Pooyie!

PooYie! 6.20.12

Wednesday, June 20, 2012

C'EST BON
Lafayette has been selected one of 25 cities across the country to hop on the US Ignite bandwidth wagon and attract national attention to the next-generation technologies the Hub City has to offer.

PAS BON
Gov. Bobby Voucher is eager to siphon our tax dollars out of public education and pump them into private schools that teach kids pseudo-science and pseudo-history. French immersion?

COUILLON
U.S. Department of Justice attorney Rachel Hranitzky clearly needs a 1st Amendment refresher; then she needs to host a seminar for her bosses.

C'EST BON
Lafayette has been selected one of 25 cities across the country to hop on the US Ignite bandwidth wagon and attract national attention to the next-generation technologies the Hub City has to offer. Announced at a major media event at the White House last week, US Ignite is a national collaborative endeavor to incorporate the latest technologies for the betterment of six areas of "national priority." In Lafayette, government agencies and UL Lafayette are teaming up with nonprofits and the private sector for a focus on all things health care with the creation of a Living Lab for Health Innovation, where health care professionals will work together to tackle "society's toughest challenges" like childhood obesity, aging in place, emergency medicine and workplace health. It's a "big win" for the city, as LUS Fiber Sales and Marketing Analyst Amy Broussard describes it, and a big blow to the local fiber initiative's biggest critics: The 25 cities and the 60 universities that were chosen for US Ignite all have existing broadband networks.

PAS BON
Gov. Bobby Voucher is eager to siphon our tax dollars out of public education and pump them into private schools that teach kids pseudo-science and pseudo-history. French immersion? Not so much. Part of the (punitive) $2 million Jindal stripped from the Department of Recreation, Culture & Tourism's marketing budget was a $100,000 cut to the Lafayette-based Council for the Development of French in Louisiana's Escadrille Louisiane program. Escadrille is a primary component of CODOFIL'S mission to preserve and promote French in Louisiana, allowing French teachers to further their studies at French universities, thereby refreshing the pool of Francophone educators in our public school system.
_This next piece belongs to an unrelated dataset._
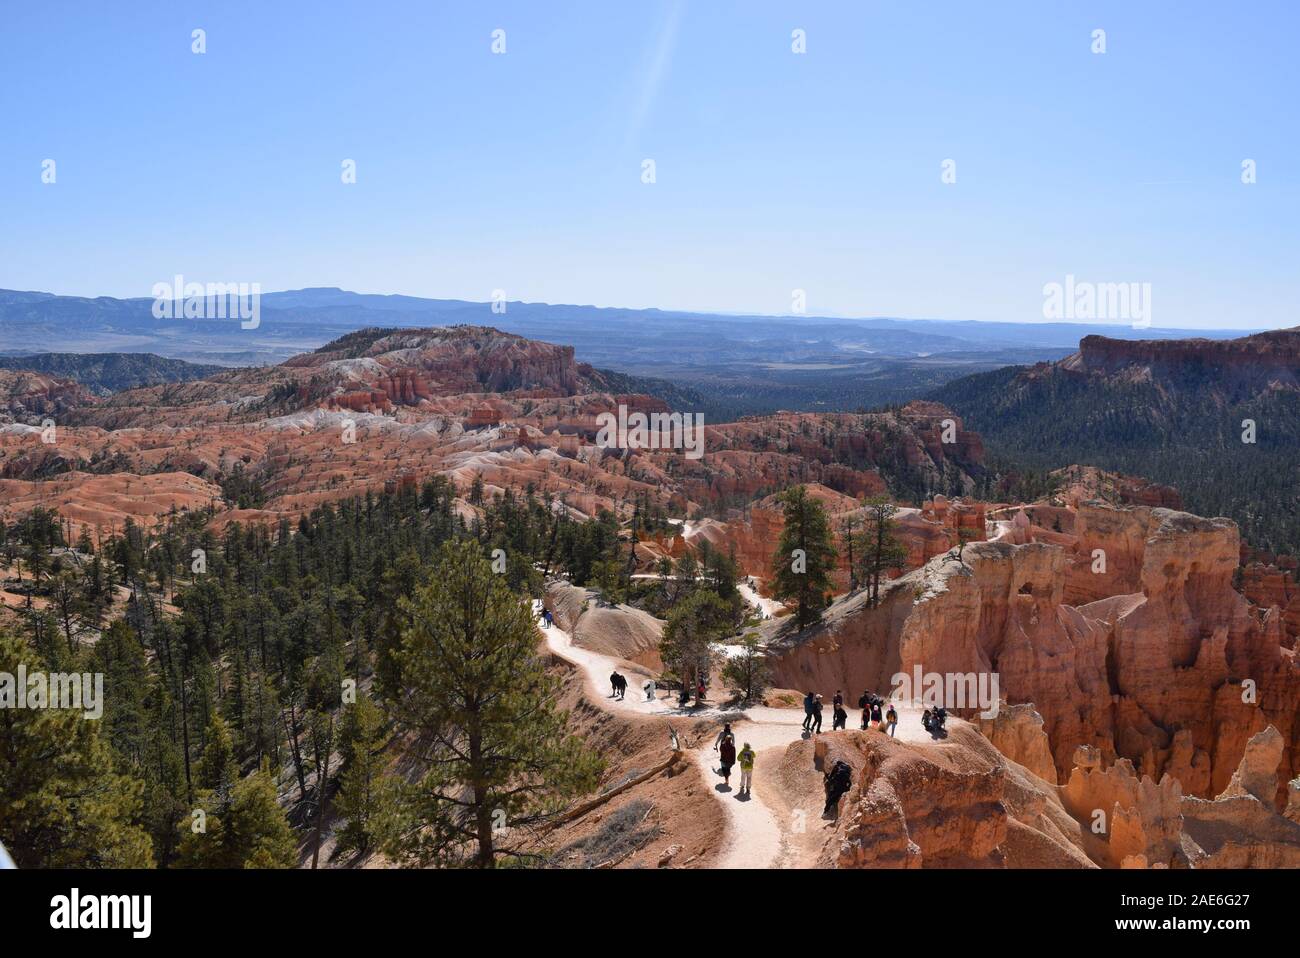 Hikers on the Queen's Garden Trail, which takes visitors through fields of hoodoos on the main rim of Bryce Canyon National Park. Stock Photo

CODOFIL President William Arceneaux says he's "terribly disappointed" by the line-item veto and speculates his organization might have to suspend the program for the foreseeable future.

COUILLON
U.S. Department of Justice attorney Rachel Hranitzky clearly needs a 1st Amendment refresher; then she needs to host a seminar for her bosses. The DOJ rep was in New Iberia recently to hear complaints about alleged racial discrimination in the city's fire department and, according to an account in The Daily Iberian, tried to have Iberian reporter Matthew Beaton ejected from the meeting because he challenged her demand that she not be quoted in a news report on the meeting. Hranitzky could cite no law prohibiting the newspaper from attending the public meeting - because their is none - and reporting on it in any way it judged appropriate. She ultimately resorted to a threat, according to the Iberian, telling Beaton that her DOJ overlords "can call your editors and publisher at the paper, and trust me you don't want to get on the Department of Justice's bad side." C'est what, Ms. Bossy Pants? Beaton, to his (and journalism's) credit, didn't back down, and in a separate Iberian story about the meeting itself Hranitzky is quoted several times.